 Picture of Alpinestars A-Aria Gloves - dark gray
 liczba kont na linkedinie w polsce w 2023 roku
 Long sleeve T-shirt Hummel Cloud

###

Reproduce the material exactly, from the first line to the last.

 Picture of Alpinestars A-Aria Gloves - dark gray
 liczba kont na linkedinie w polsce w 2023 roku
 Long sleeve T-shirt Hummel Cloud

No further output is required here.